The most accomplished of liars eventually come to believe their own lies. And so it is that the people who have been insisting for years that “nobody wants to take away your guns” cannot stop repeating that lie even when they are openly proposing the confiscation of the most commonly owned firearms in the United States.
In March, Joe Biden threatened to slap a construction worker from Michigan after the worker told him he was worried that Biden wanted to “take away our guns.” “I’m not taking your gun away at all,” Biden said angrily, pointing his finger in the man’s face and cursing at him. “That’s bull----.” For this outburst, Biden was widely praised in the press.
But what the worker had said was not bull---- at all, and we can tell as much by looking at Biden’s own words. Asked last year by CNN’s Anderson Cooper whether “a Biden administration means they’re going to come for my guns,” Biden confirmed that it would. “Bingo!” Biden told Cooper, smiling. “You’re right if you have an assault weapon. The fact of the matter is, they should be illegal, period. Look, the Second Amendment doesn’t say you can’t restrict the kinds of weapons people can own.”
This attitude was echoed a few days before the event in Michigan, when Biden publicly told Beto O’Rourke, “You’re going to take care of the gun problem with me. You’re going to be the one who leads this effort. I’m counting on ya.”
Given that O’Rourke is primarily famous these days for having told Americans on live television, “Hell, yes, we’re going to take your AR-15,” and then for having sold t-shirts with those words emblazoned proudly across their fronts, one wonders what voters were supposed to assume Biden meant by this endorsement. As far as political statements go, “Bingo! You’re right” is about as straightforward as it gets.
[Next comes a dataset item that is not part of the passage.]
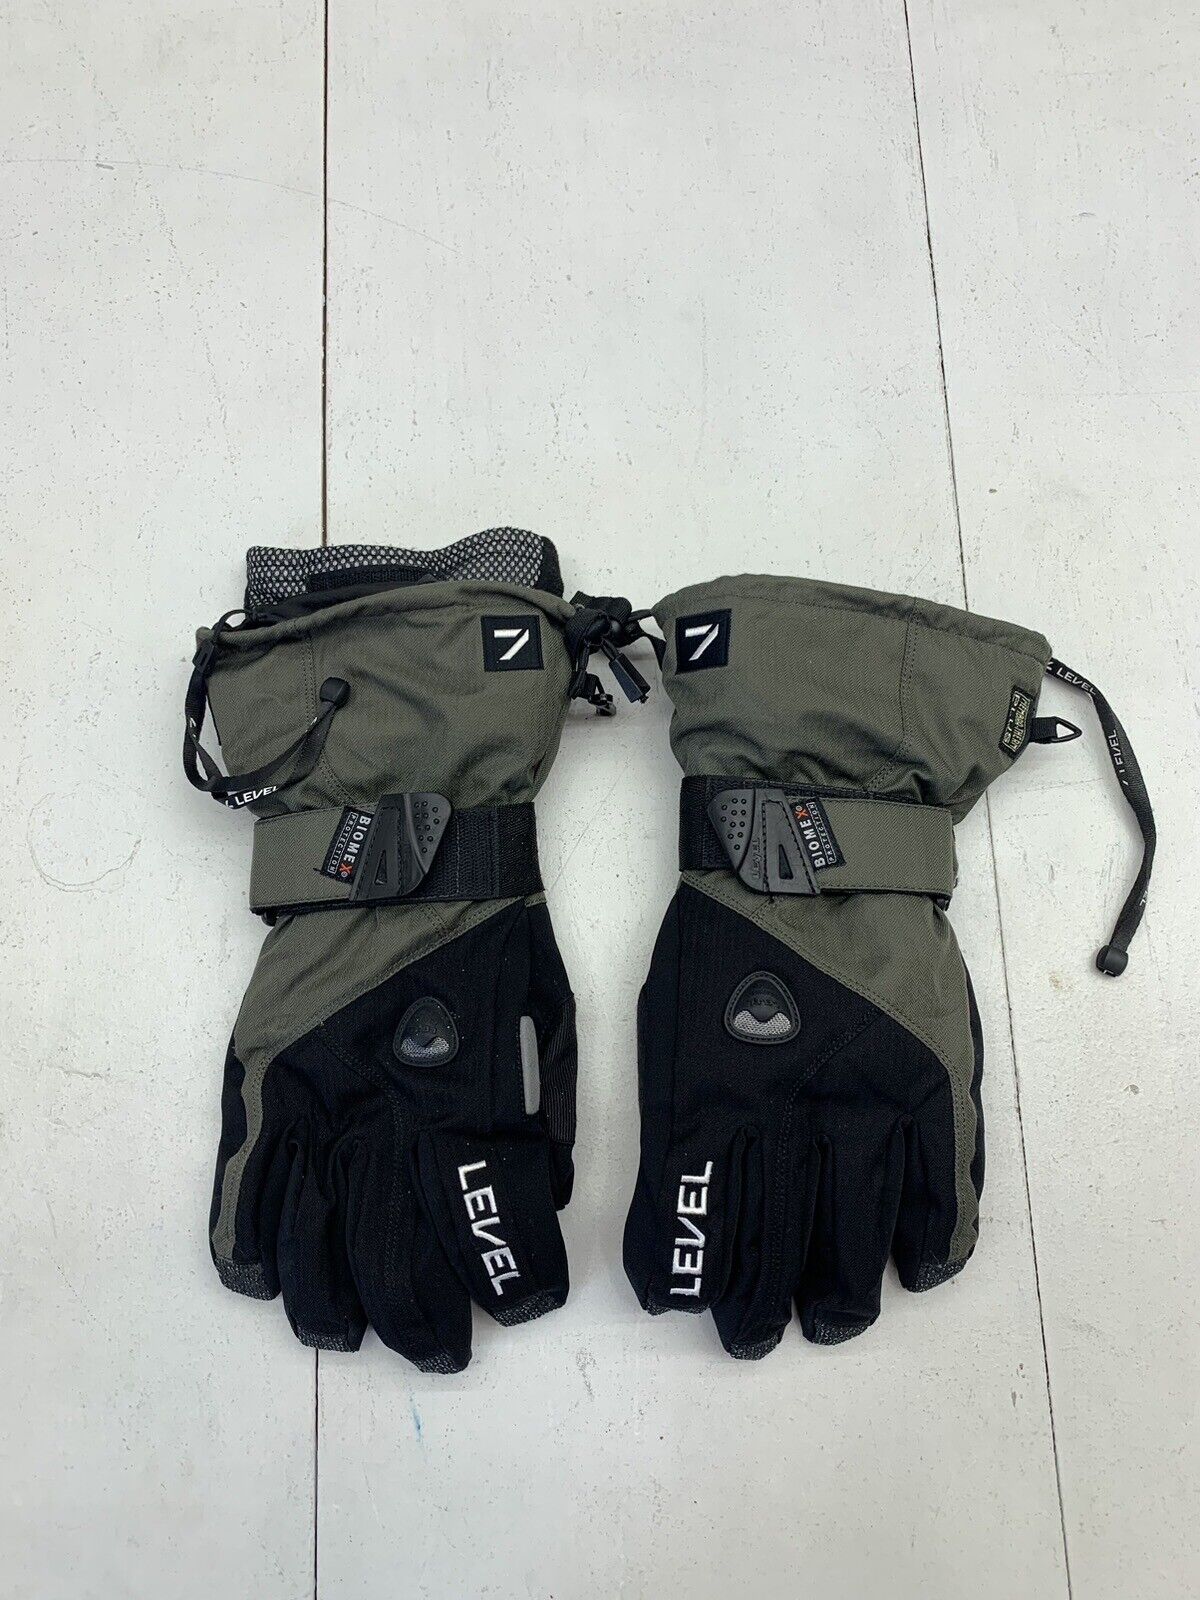 Level 7 Biomex Protection Mens Black Dark Green Ski Gloves Size Medium

The episode demonstrated once again that, in 2020, “we’re not going to take away your guns” has become little more than a thoughtless throat-clearing exercise. Members of Virginia’s legislature repeatedly said “nobody is trying to take away your guns” while they endorsed a bill that would have done exactly that. Gun-control groups repeat “nobody is trying to take away your guns” at the same time as they funnel money and support to politicians who openly pledge confiscation drives. Even Beto O’Rourke said it—before he didn’t.
The “nobody is trying to take away your guns” claim is merely another way of conveying “don’t get mad at me, but....” It is a tic indulged by politicians and activists who sense deep down that their position is extreme and unworkable but who don’t quite want to admit that to themselves. Reflecting on Beto’s failed presidential run, “The View’s” Joy Behar gave the game away when she advised gun-control advocates not to announce “everything they’re going to do” ahead of time. “If you are going to take people’s guns away,” Behar counseled, “wait until you get elected and then take them away. Don’t tell them.”
Or, to put it another way: “Nobody wants to take away your guns.”
And yet, they do. The idea has gained currency among the political commentariat, which cannot seem to decide whether it is “common sense” or fringe, and so has taken to arguing both positions simultaneously; it became mainstream within the Democratic primary, nearly half of whose aspirants backed some confiscation measures by the time the contest really got going; and, this November, the presidential election is guaranteed to feature a Democratic candidate who, by his own admission, supports the confiscation of America’s favorite rifle.